We decided to further investigate the UCH-L3 homologue TgUCHL3 (Fig. 1D), as the mammalian enzyme has been well characterized (Johnston et al., 1999; Misaghi et al., 2005) and provided us with a well-defined backdrop against which to describe its parasite counterpart. We were particularly interested in the ability of UCH-L3 to both deubiquitinate and deNeddylate target proteins (Wada et al., 1998; Hemelaar et al., 2004) and to determine whether this feature has been conserved throughout evolution.
UCHL3s from T. gondii and P. falciparum also have deNeddylating activity
To verify the specificity of the deubiquitinating activity, as well as test for deNeddylating and possible deSUMOylating activity of TgUCHL3, we cloned the ORF of TgUCHL3 from T. gondii cDNA. We further generated a catalytically inactive mutant by substituting the putative active-site cysteine with an alanine. Both constructs were translated in vitro and reacted with Ub-VME, Nedd8-VS and SUMO-VS.
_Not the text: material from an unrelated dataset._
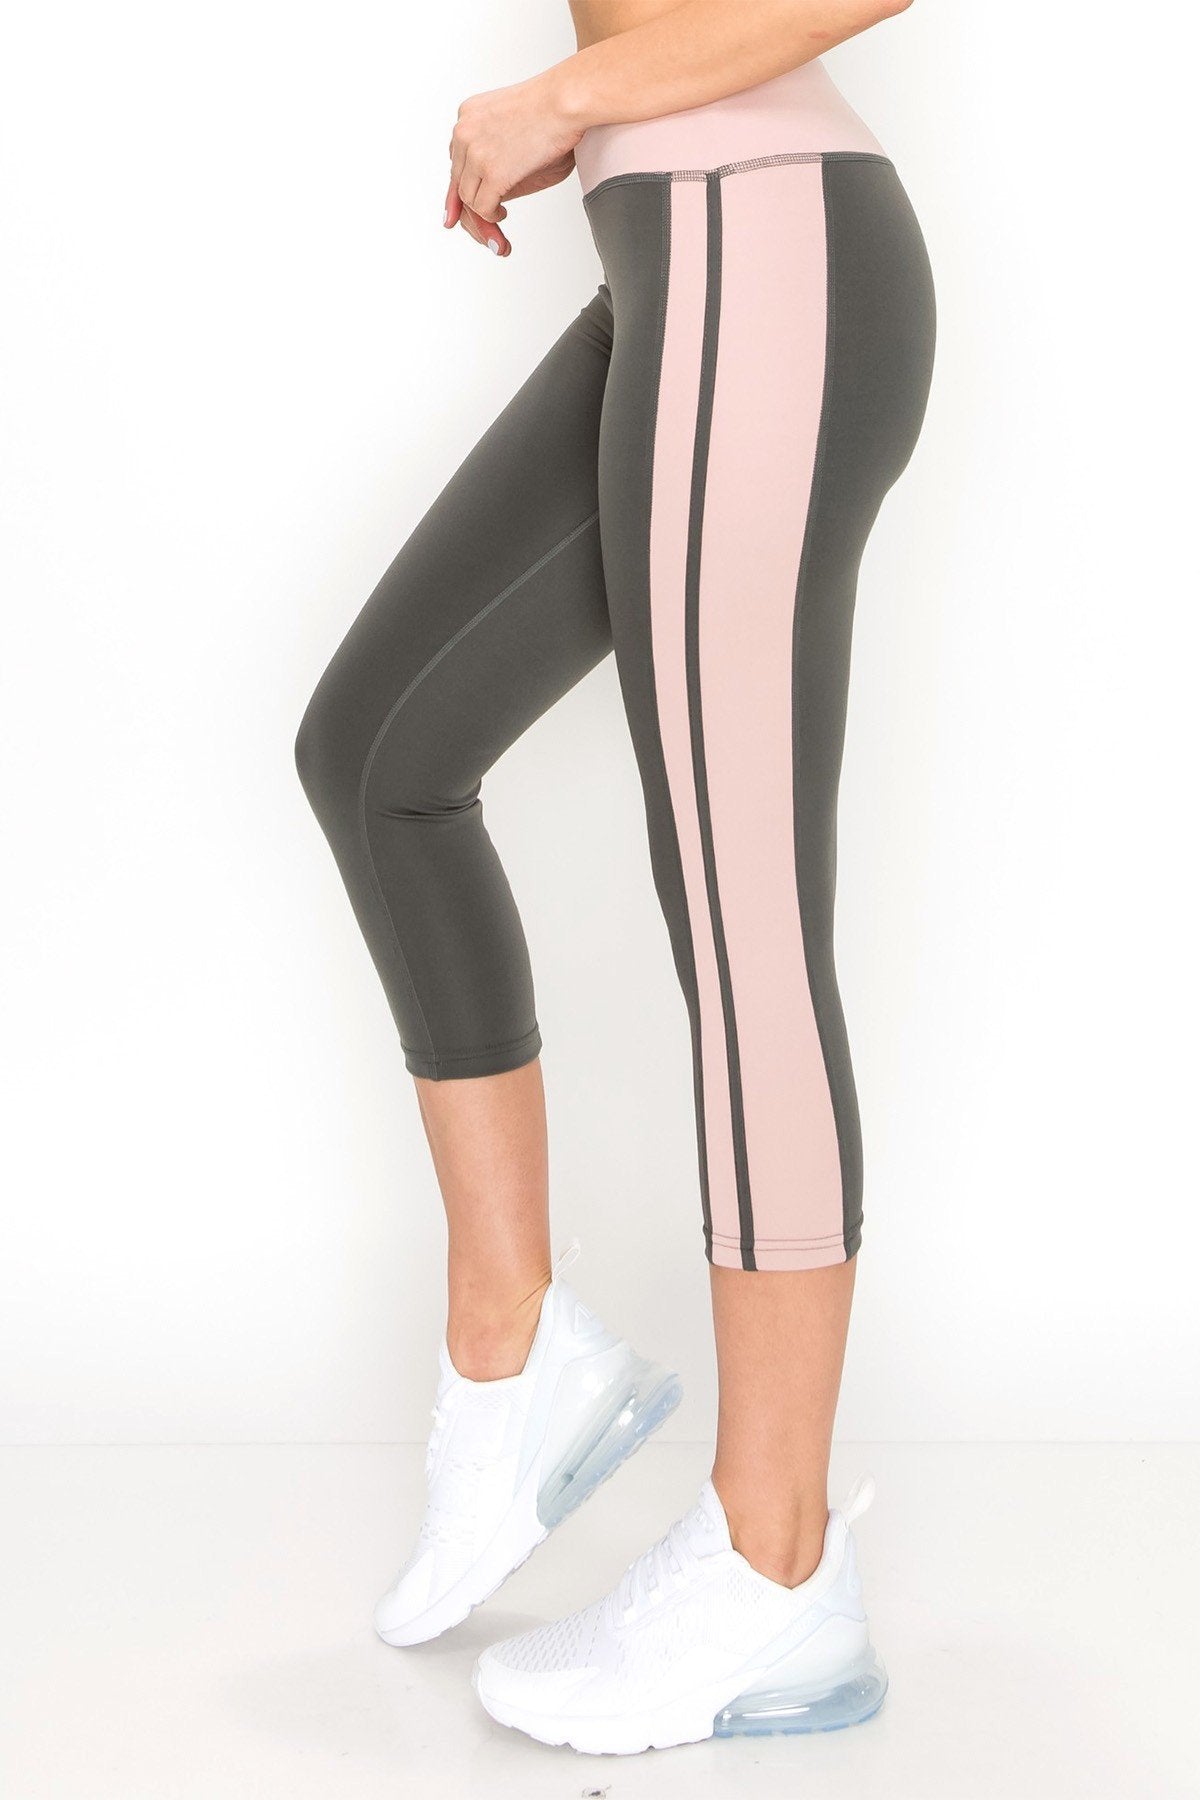 Degree of Pink Active Leggings Clothing Fair Shade S Grey 95% poly 5% spandex

TgUCHL3 reacted with both the Ub and the Nedd8 probes, as seen from the 9 kDa shift in electrophoretic mobility (Fig. 2A), but failed to be modified by the SUMO probe (data not shown). Nedd8 and Ub reactivities were abolished by pre-incubation of extracts and of TgUCHL3 with the alkylating agent N-ethylmaleimide (NEM), confirming the nature of this enzyme as a cysteine protease. This was further supported by the inability of the cysteine to alanine mutant to be modified by either probe. Interestingly, T. gondii Nedd8 and SUMO both share a similar degree of conservation to their human counterparts. Thus, we conclude that adduct formation is not an occurrence that applies across the board to all electrophilic Ubl derivatives.
Evidence for deubiquitinating and deNeddylating activity of T. gondii and P. falciparum UCHL3. In vitro transcription/translation using TgUCHL3 (A) and PfUCHL3 (B) both as either the wild-type or the catalytically inactive cysteine to alanine mutant was conducted in the presence of 35S-methionine. Translation products were reacted with the probes indicated, separated by SDS-PAGE and analysed by autoradiography which revealed the dual specificity towards Ub and Nedd8 for both wild-type UCHL3 variants. Reactivity is abolished by pre-incubation with the alkylating agent NEM or with the catalytically inactivated variants demonstrating the necessity of the active-site cysteine.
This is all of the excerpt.